Text Distance

The TEXT-DISTANCE directive measures the difference between two sequences of characters, using a specified method of measuring the distance between strings.

Syntax

text-distance <method> <column-1> <column-2> <destination>
  • <method> specifies the method to be used to measure the distance between the strings of <column-1> and <column-2>
  • <destination> is the column the resulting difference will be stored in. If it exists, it will be overwritten. If it does not exist, it will be created.

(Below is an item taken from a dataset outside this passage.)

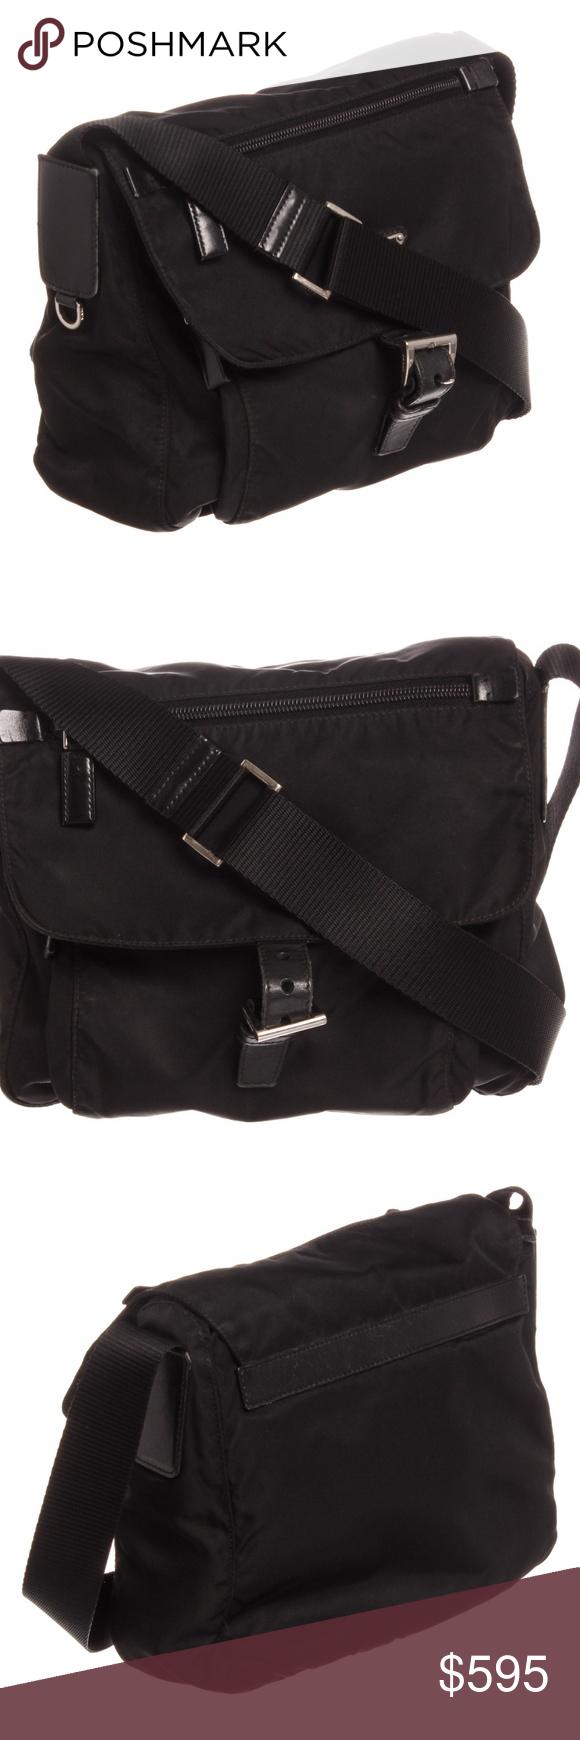 be26e249f90f Prada Black Nylon Leather Crossbody Flap Bag Black Prada nylon leather  crossbody bag with silver tone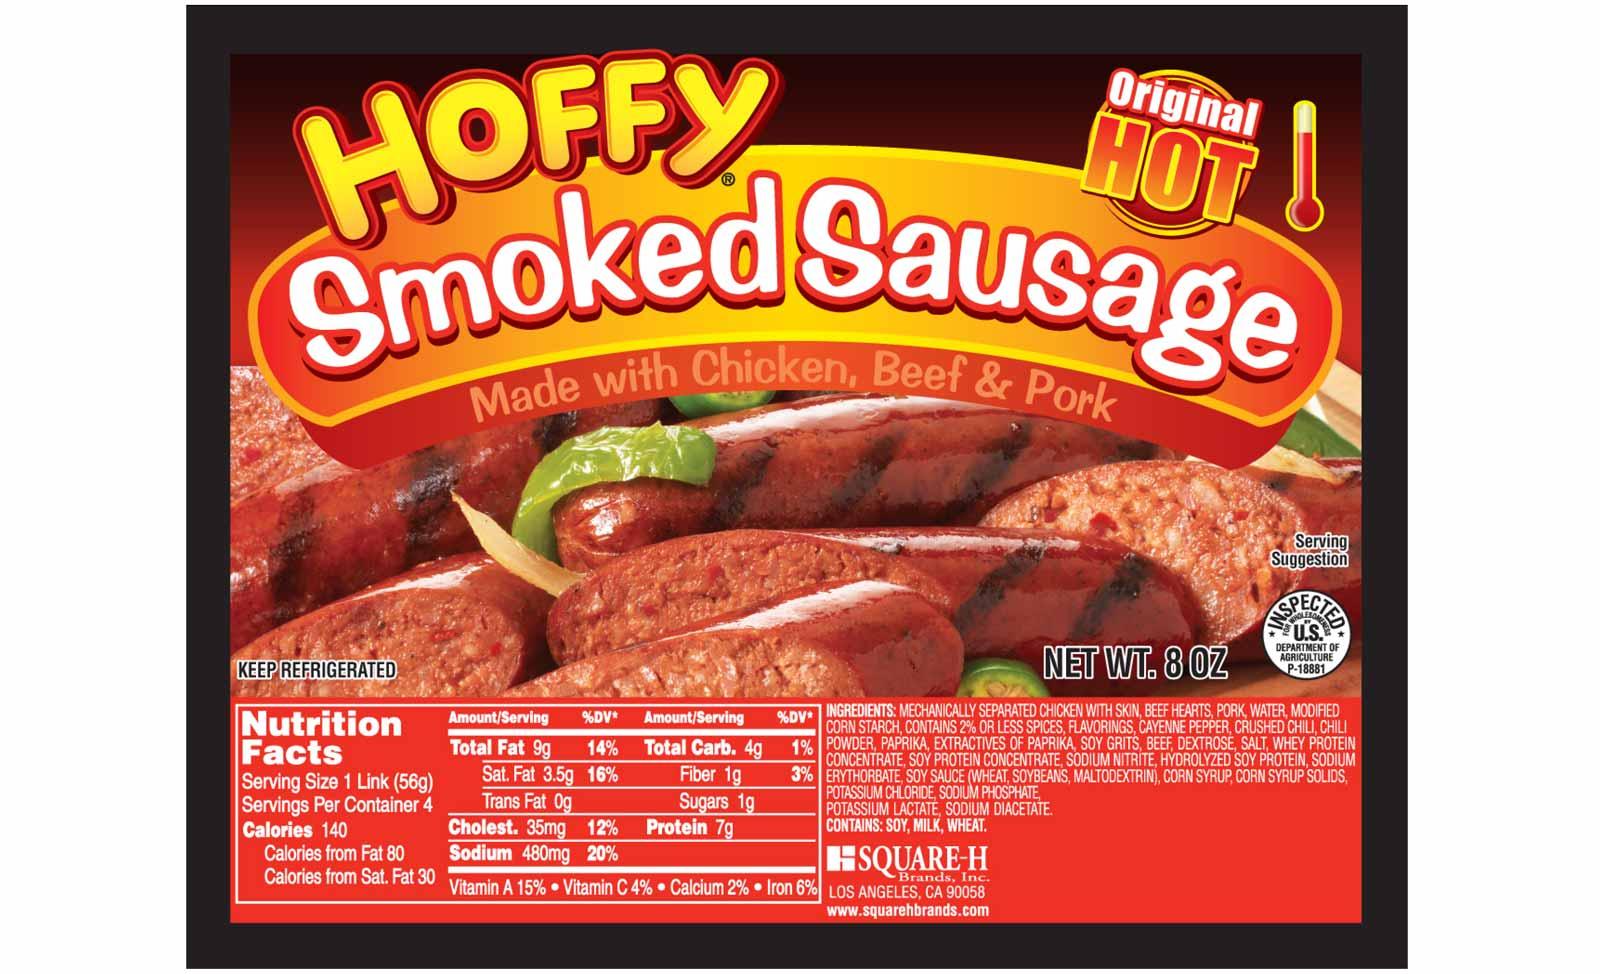 Hoffy Smoked Sausage Packaging

Note: If either or both of the two columns do not exist, no error will be returned, and the destination column will still be created or overwritten.

Usage Notes

These distance measure methods are supported:

  • block-distance
  • block
  • cosine
  • damerau-levenshtein
  • dice
  • euclidean
  • generalized-jaccard
  • identity
  • jaccard
  • jaro
  • levenshtein
  • longest-common-subsequence
  • longest-common-substring
  • overlap-cofficient
  • simon-white

Example

Using this record as an example:

{
  "tweet1": "CheeseBurgers are God tellin us everything's gonna be cool...",
  "tweet2": "Forgiveness can open up a whole new perspective on life, Forgiveness is an act of God's grace."
}

Applying this directive:

text-distance block tweet1 tweet2 distance

would result in this record:

{
  "tweet1": "CheeseBurgers are God tellin us everything's gonna be cool...",
  "tweet2": "Forgiveness can open up a whole new perspective on life, Forgiveness is an act of God's grace."
  "destination": 26.0
}